Our friends have two large dogs, so they put an underground electric fence as a boundary. The dogs can run around the yard, but if they try to leave they get a mild electric shock. This teaches them how far they can go. Inside the underground fence is the dog’s comfort zone. It becomes painful when they try to go outside of this boundary. You are no different. You have created a boundary that becomes painful when you go outside it.
The dogs manifest a fear of the edge of the property. When they try to leave, they feel the discomfort of the collar and go back to their comfort zone. They are happy in there. This area is their warm and fuzzy place.
Expanding Their Horizons
What happens when one dog decides they want to expand their horizons and leave? Maybe the dog is a male and sees a beautiful female dog a few houses away. First, they would slowly approach the edge, receive the shock, and jump back. Their desire to meet this female is strong. Instead of going back to their comfort zone, this time the dog stays and tries again.
Each time they receive the shock, it gets less painful. The dog is becoming comfortable being uncomfortable. With each try, the dog gets farther and farther until they break free of the pain. They now have new areas to explore and sniff. New experiences are waiting for them, along with the female dog.
Was it painful? Yes! Why didn’t they go back to their comfort zone?

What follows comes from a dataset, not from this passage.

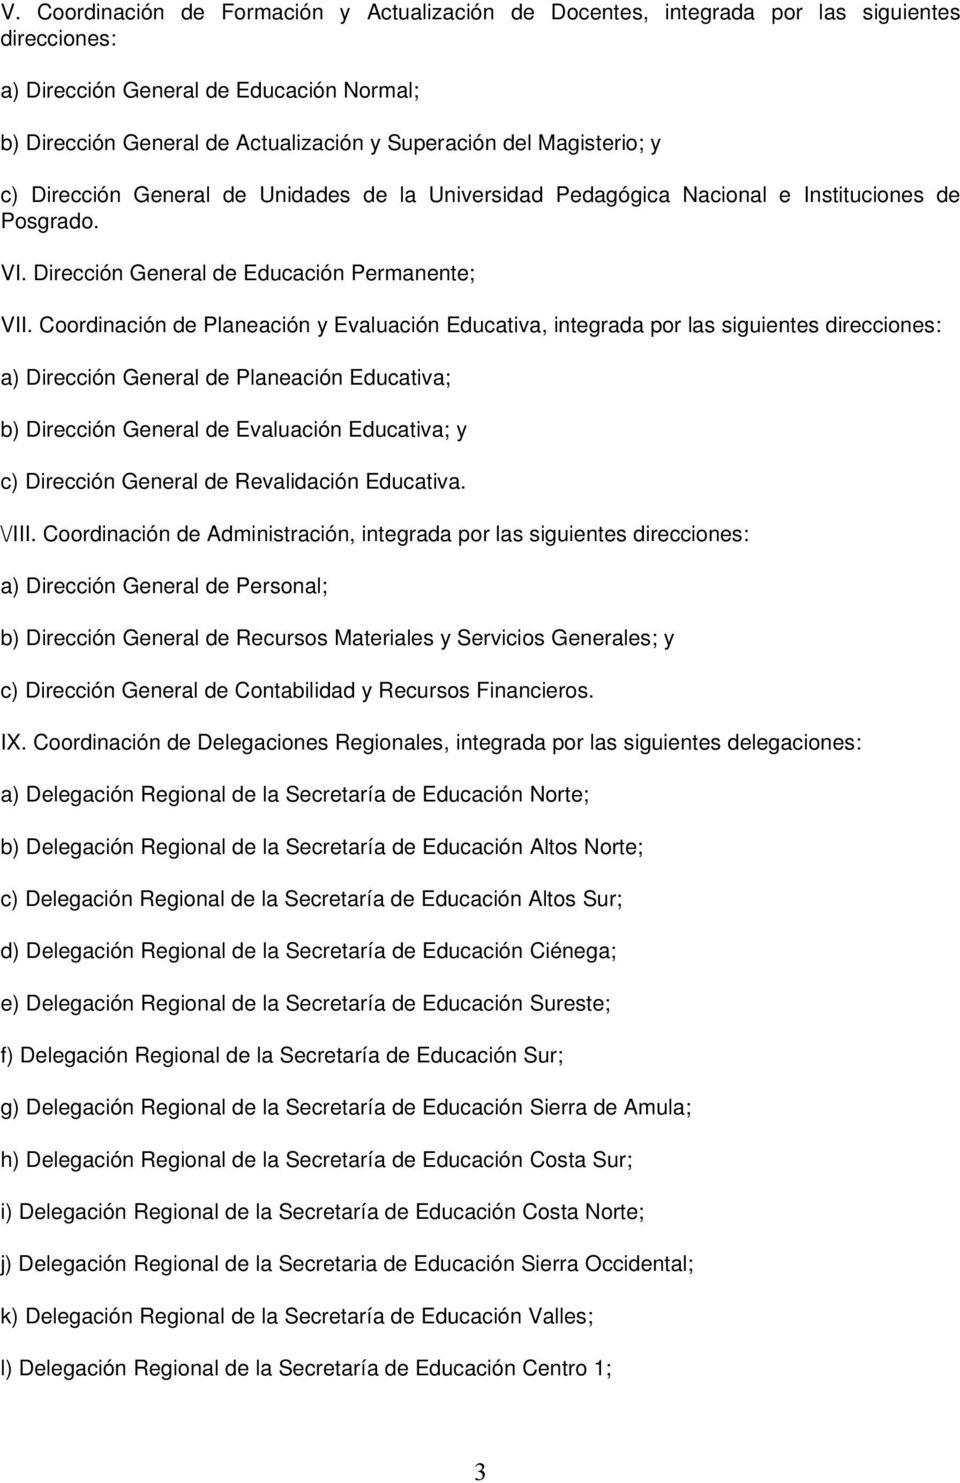 Coordinación de Planeación y Evaluación Educativa, integrada por las siguientes direcciones: a) Dirección General de Planeación Educativa; b) Dirección General de Evaluación Educativa; y c) Dirección

Because their reason for wanting to get out of the yard (the female) was bigger and more powerful than the pain. As a result, they expanded their comfort zone.
If your reason for wanting to change your life is larger than the pain of leaving your comfort zone, you will do it. Slowly begin doing the things you are not comfortable doing. Try to do it a little at a time and the pain and discomfort will diminish. You will be expanding your comfort zone. You might even break free of it altogether.
Self-improvement is painful. You have to face your fears and deal with the past; your past has shaped you into the person you are today. You have the power to improve your future. Break out of your comfort zone for yourself and your family. Start doing those little things today!